The aim of this activity is to add another dimension to the examination of identity conflict.

  • We suggest that you start by telling the story in three parts. The students should be sitting alone with pen and paper. After each stage in the telling, they should write a diary entry from the viewpoint of the protagonist, the soldier who survives. Adapt the story to your own reality if it suits you, or leave it in its native setting of World War I in Eastern Europe in the conflict between Germany and Russia. You may want to darken the room and help the atmosphere by playing some introductory background music.

The three stages that we suggest the students record in the diary are:

1. The call to war for the young Jewish soldier who has his first chance to serve the country to which he so much wants to belong. His feelings - hopes and fears - on the night before he reports to the army.

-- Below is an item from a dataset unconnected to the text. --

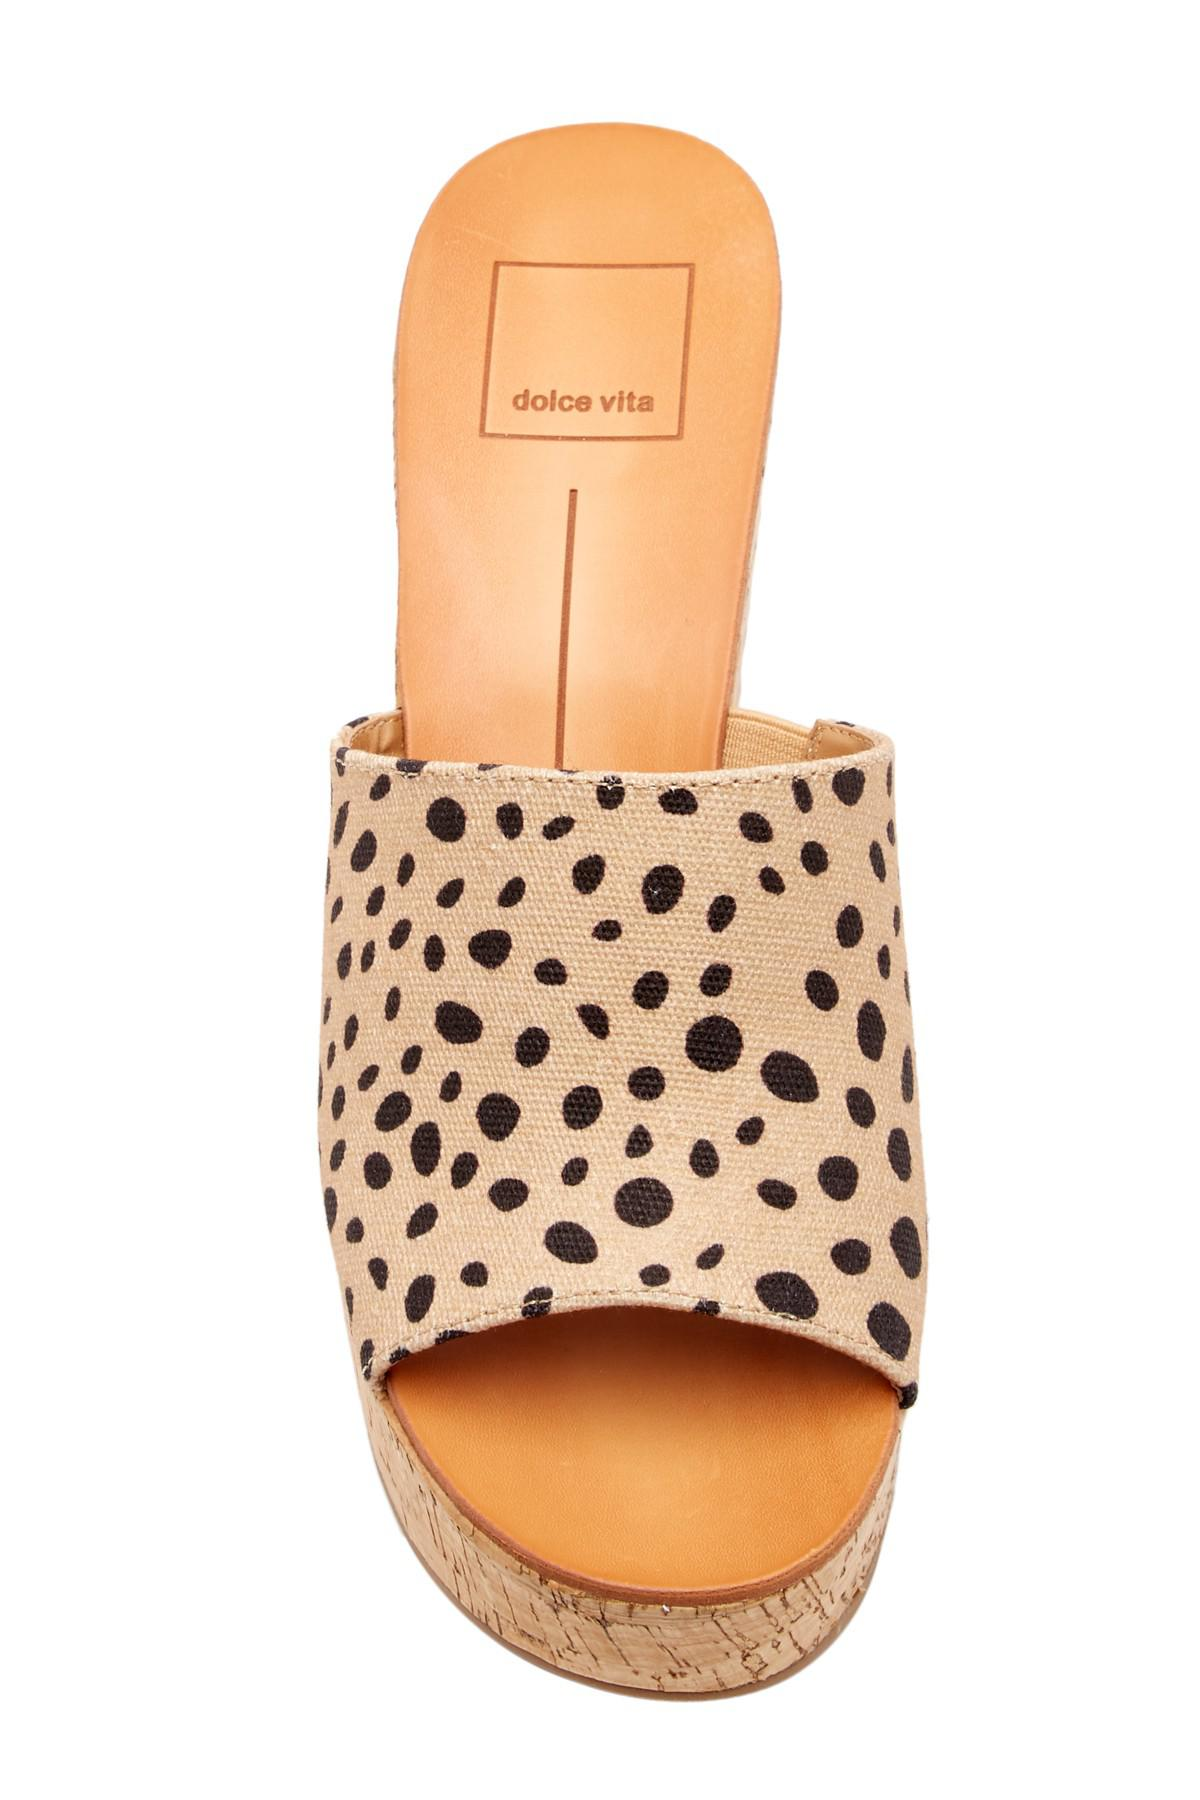 cf9dfafbc16 Dolce Vita Brown Barkley Cork Wedge Sandal

2. During the war. He witnesses terrible destruction but knows that the enemy - who represents evil - must be destroyed. It is the night before a crucial battle that may break the enemy and decide the course of the war.

3. The night after the battle. Describing the incident and the soldier’s feelings and reactions.

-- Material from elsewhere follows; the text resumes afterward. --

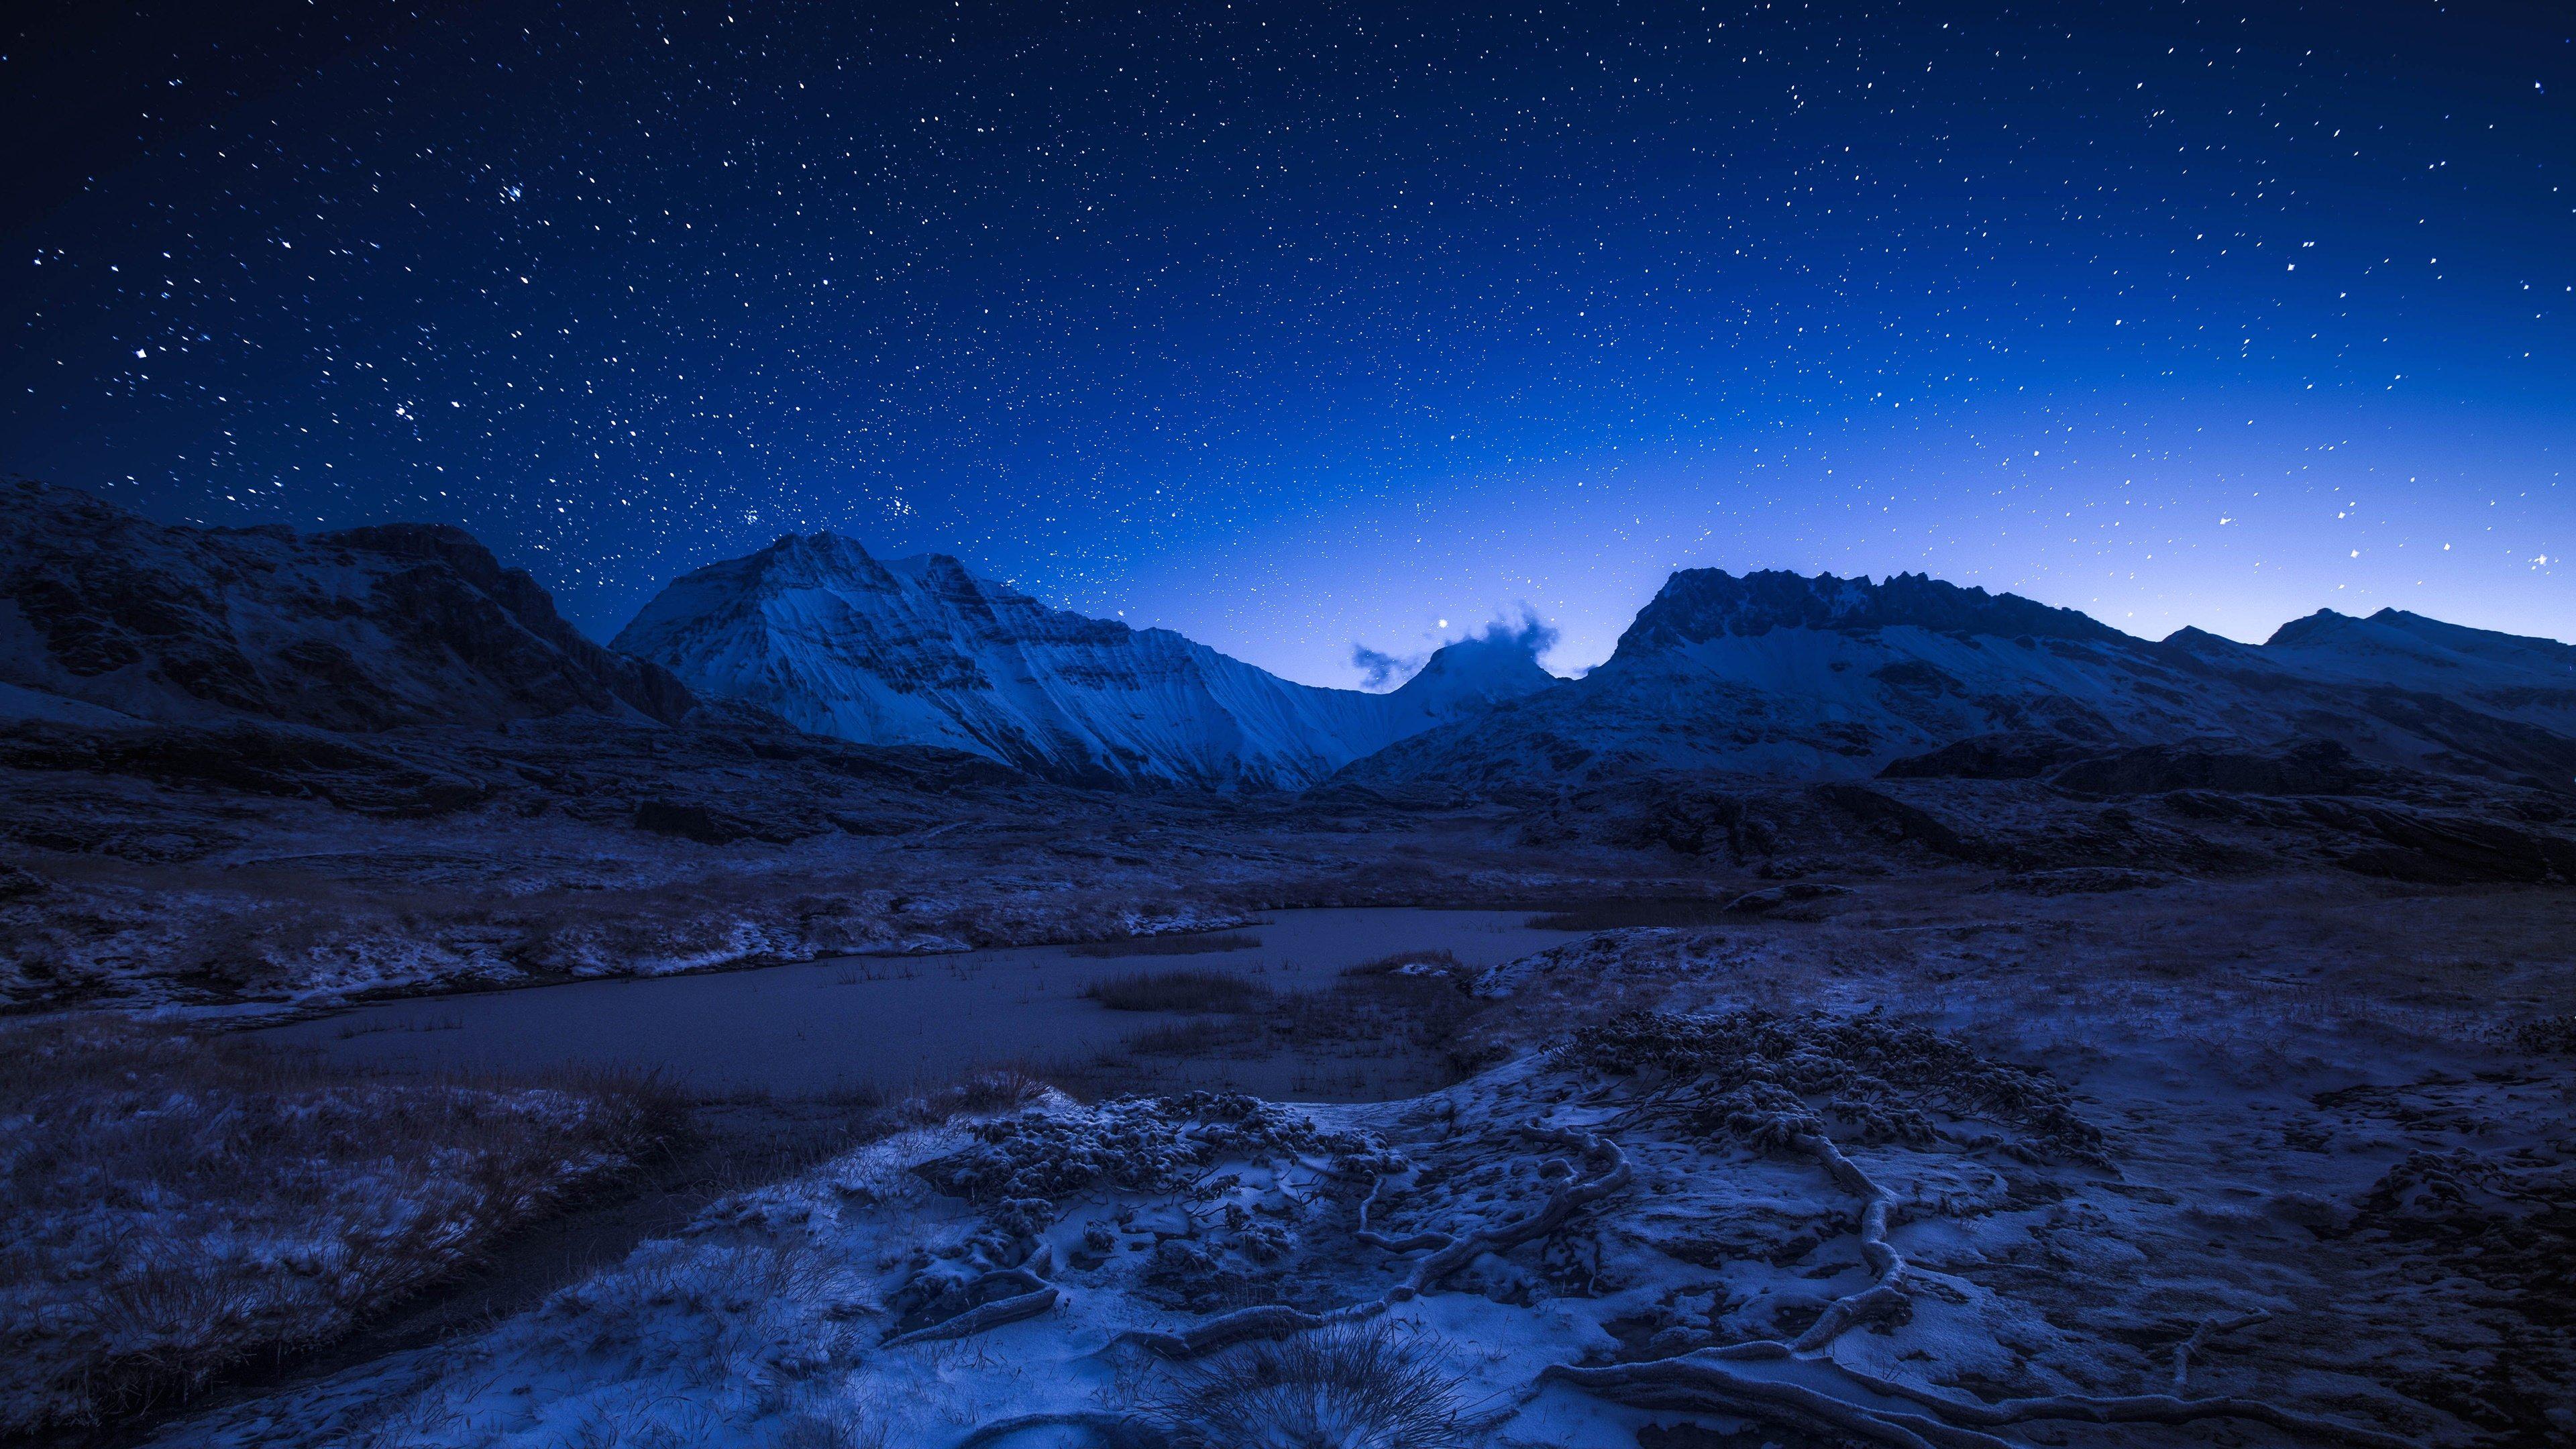 Fondos de pantalla Cielo estrellado en montañas nevadas

  • Bring the class back together and hear some of the diary entries for these different stages. Give the most time to the third stage. Use the diary entries as a basis for a discussion, exploring some of the irony of the move toward modern Jewish identities in Diaspora countries. Was the last stage problematic for the students? Why? Why not?
  • Then divide the class into small groups. Ask each group to think of something that could happen to someone in your community in which a modern Jew’s identification with your country is tested by a situation involving Jews from another national community. If possible, avoid a war scenario. We also suggest that Israel not be part of this exercise, as that situation will be used in Part Four.
  • Each group should turn its scenario into a dramatic sketch, which they should present to the entire class.
  • Conclude by stressing the potential ironies and contradictions, from a Jewish viewpoint, that can result from the identity choices of the modern Jew in Diaspora countries.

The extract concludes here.